### About this exercise
Identify the line with "Postzegels > Europa"; copy word for word that line and every one after it, to the end of the listing. Exclude pictures.

___ Stored data

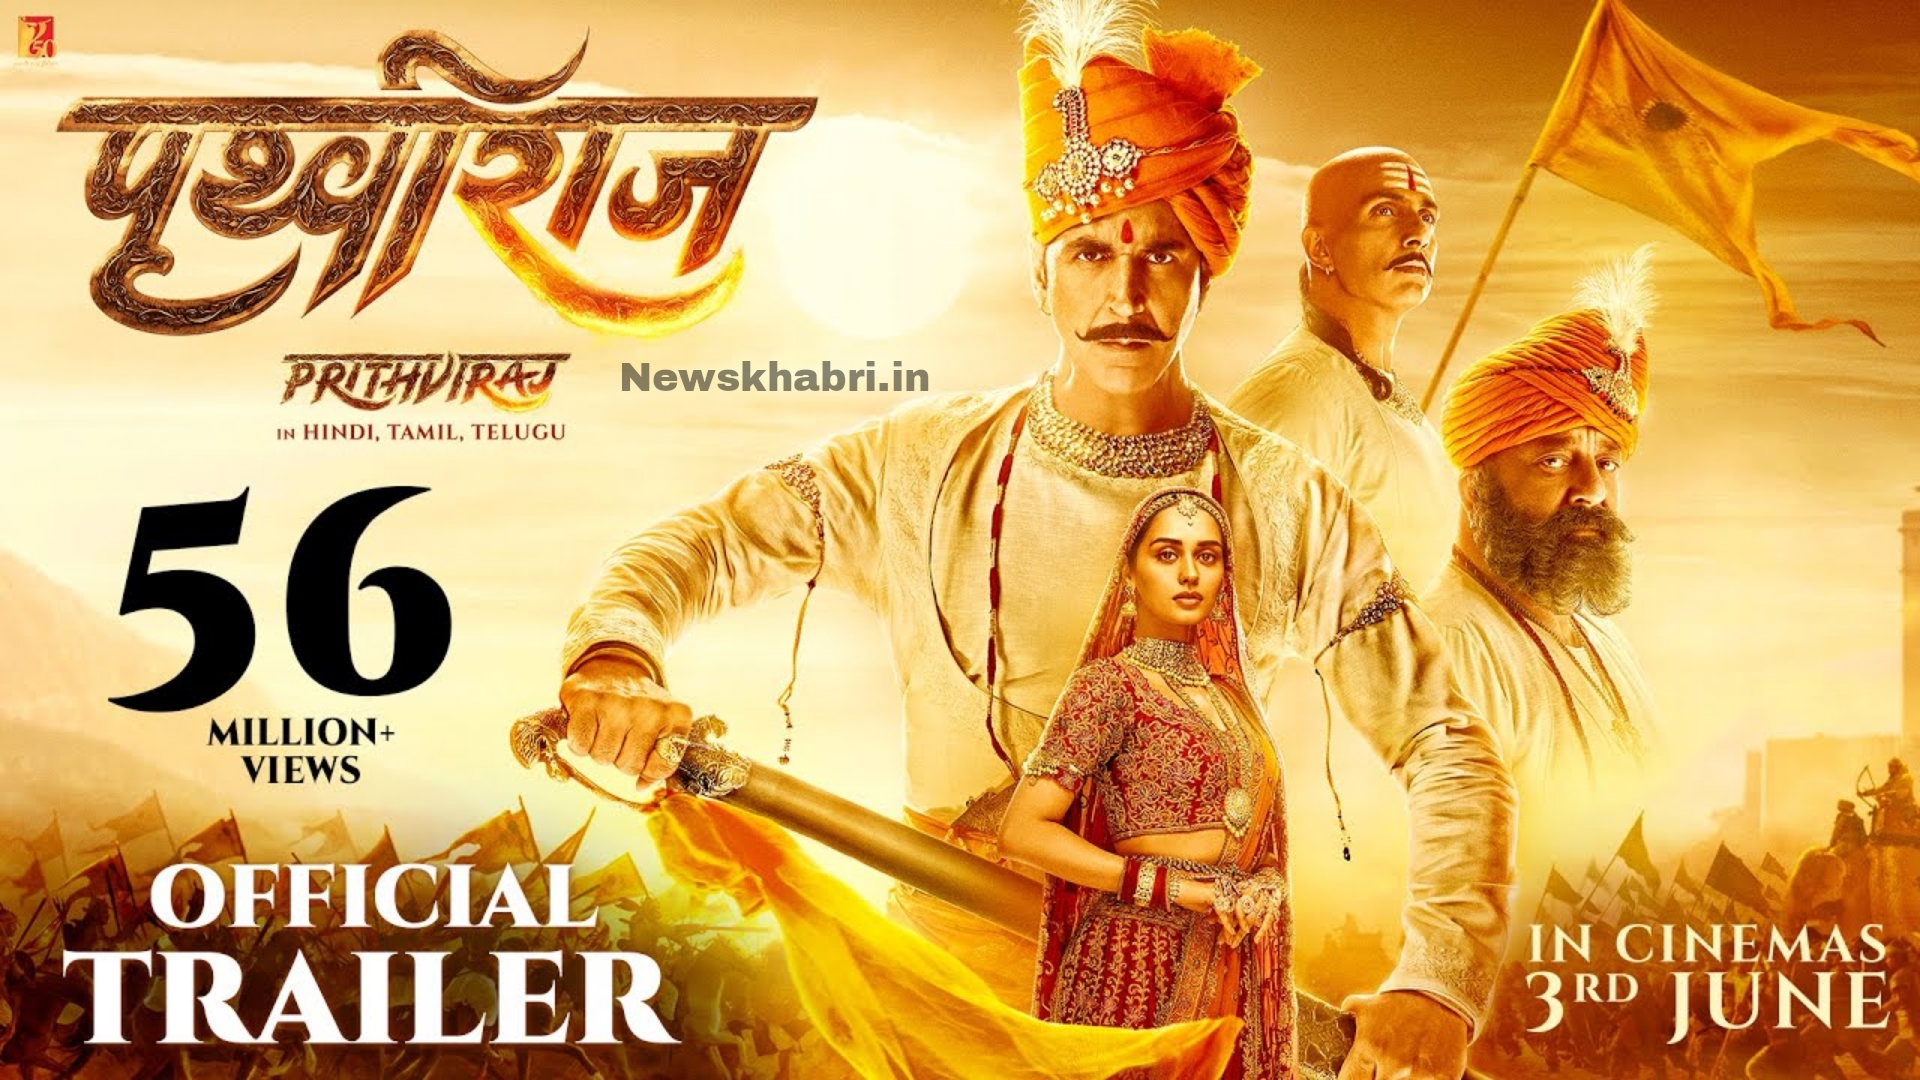 Prithviraj-Movie-Release-Date-Trailer-Cast-Budget-OTT-Platform-Watch-Online
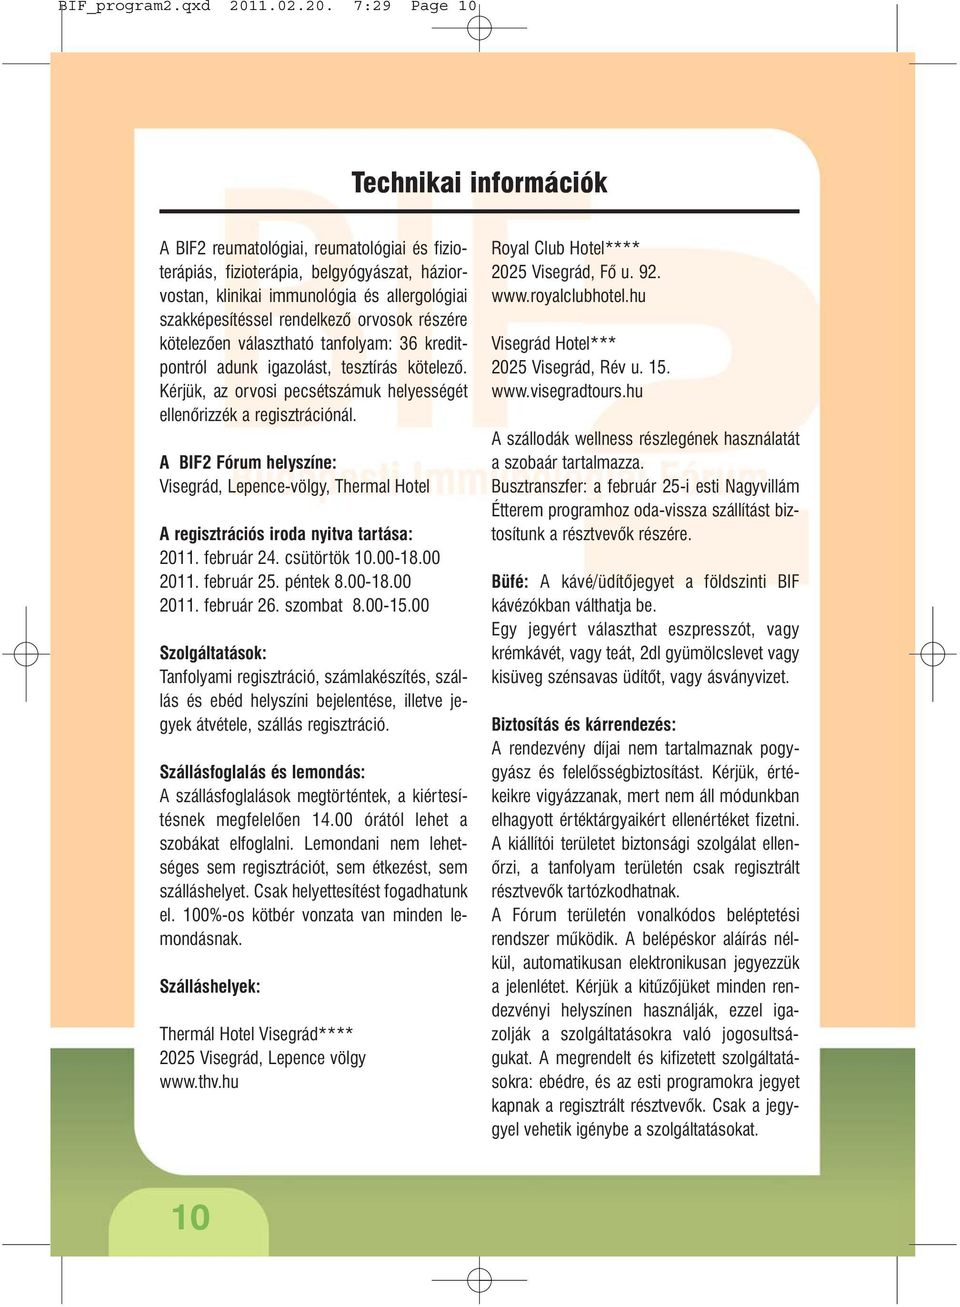 7:29 Page 10 Technikai információk A BIF2 reumatológiai, reumatológiai és fizioterápiás, fizioterápia, belgyógyászat, háziorvostan, klinikai immunológia és allergológiai szakképesítéssel rendelkezõ
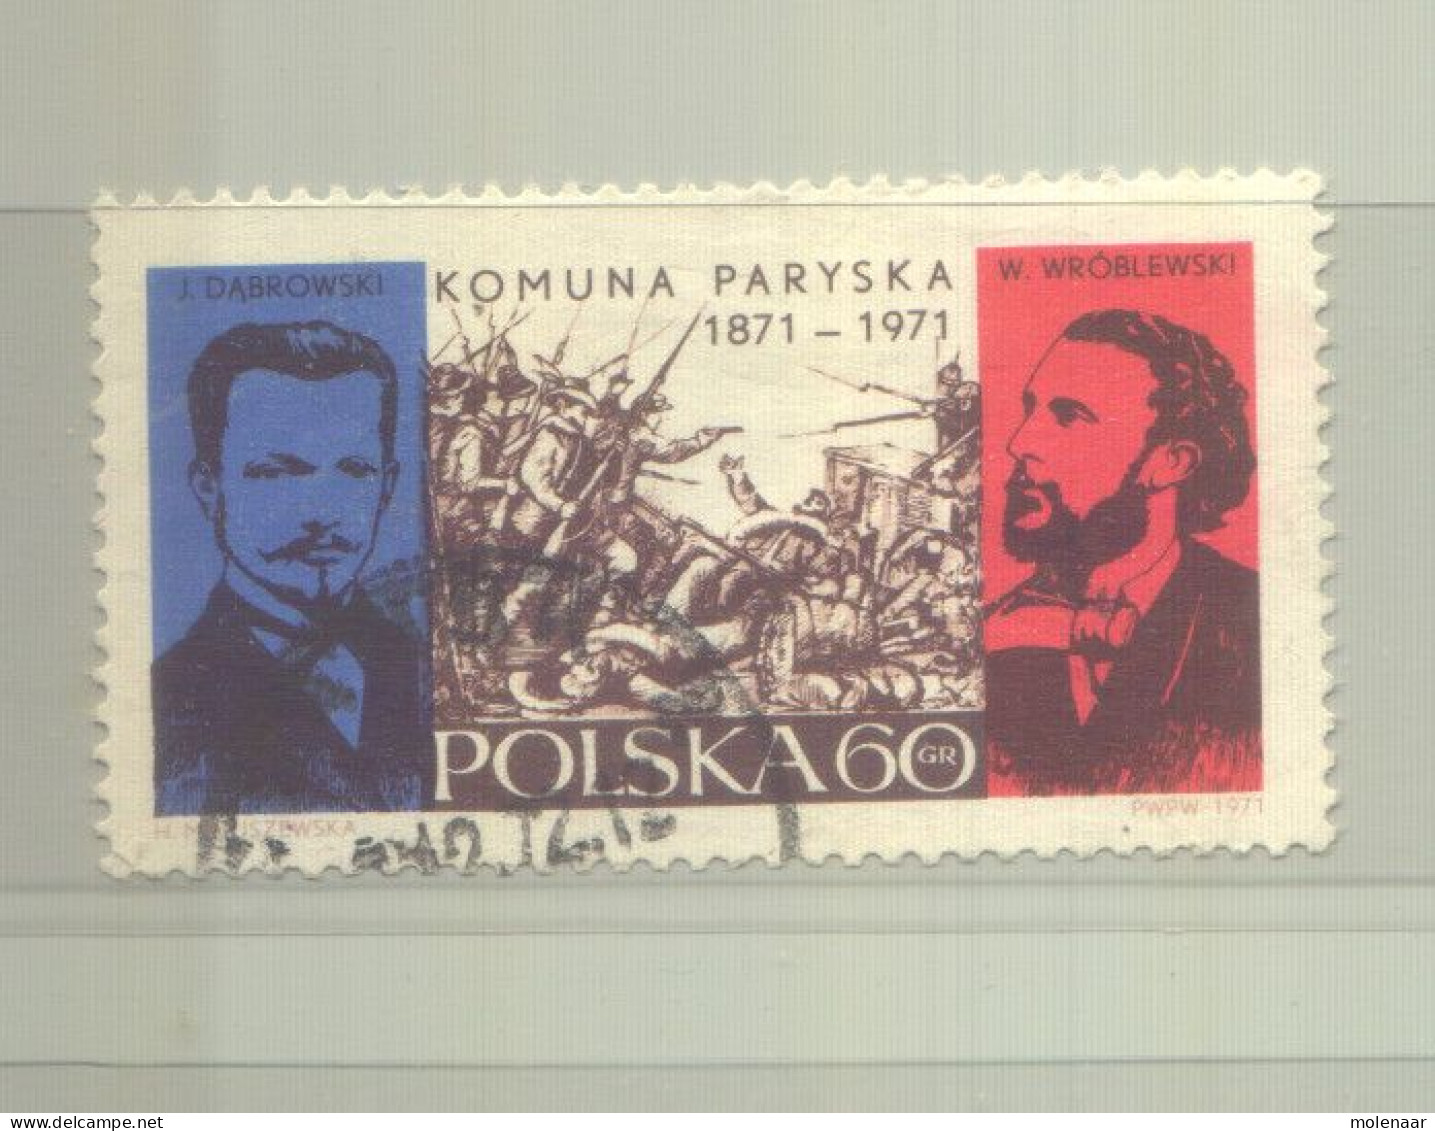 Postzegels > Europa > Polen > 1944-.... Republiek > 1981-90 > Gebruikt 2055 (12191) - Gebruikt
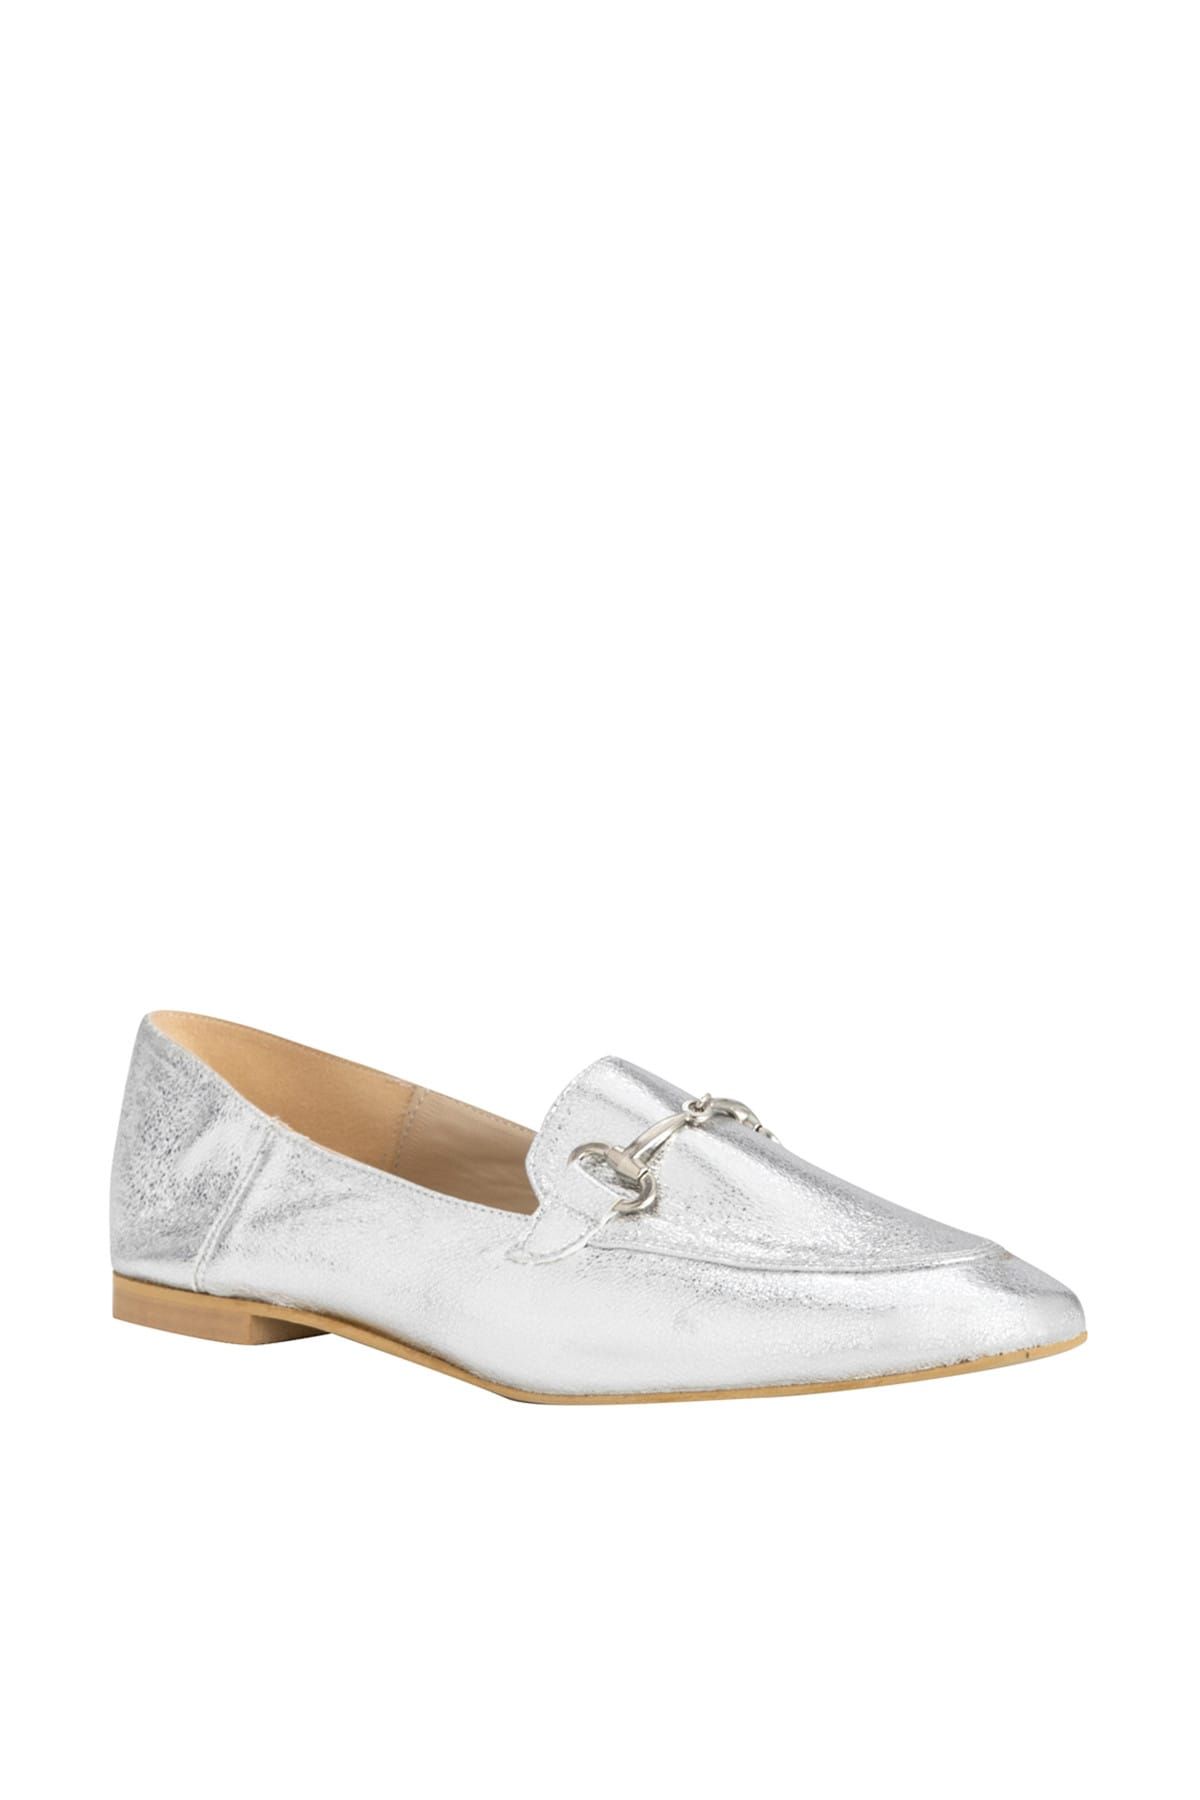 Mudo Kadın Gümüş Rengi Tokalı Loafer Ayakkabı 1193624

______

### Solution to this problem
 Postzegels > Europa > Polen > 1944-.... Republiek > 1981-90 > Gebruikt 2055 (12191) - Gebruikt
 Mudo Kadın Gümüş Rengi Tokalı Loafer Ayakkabı 1193624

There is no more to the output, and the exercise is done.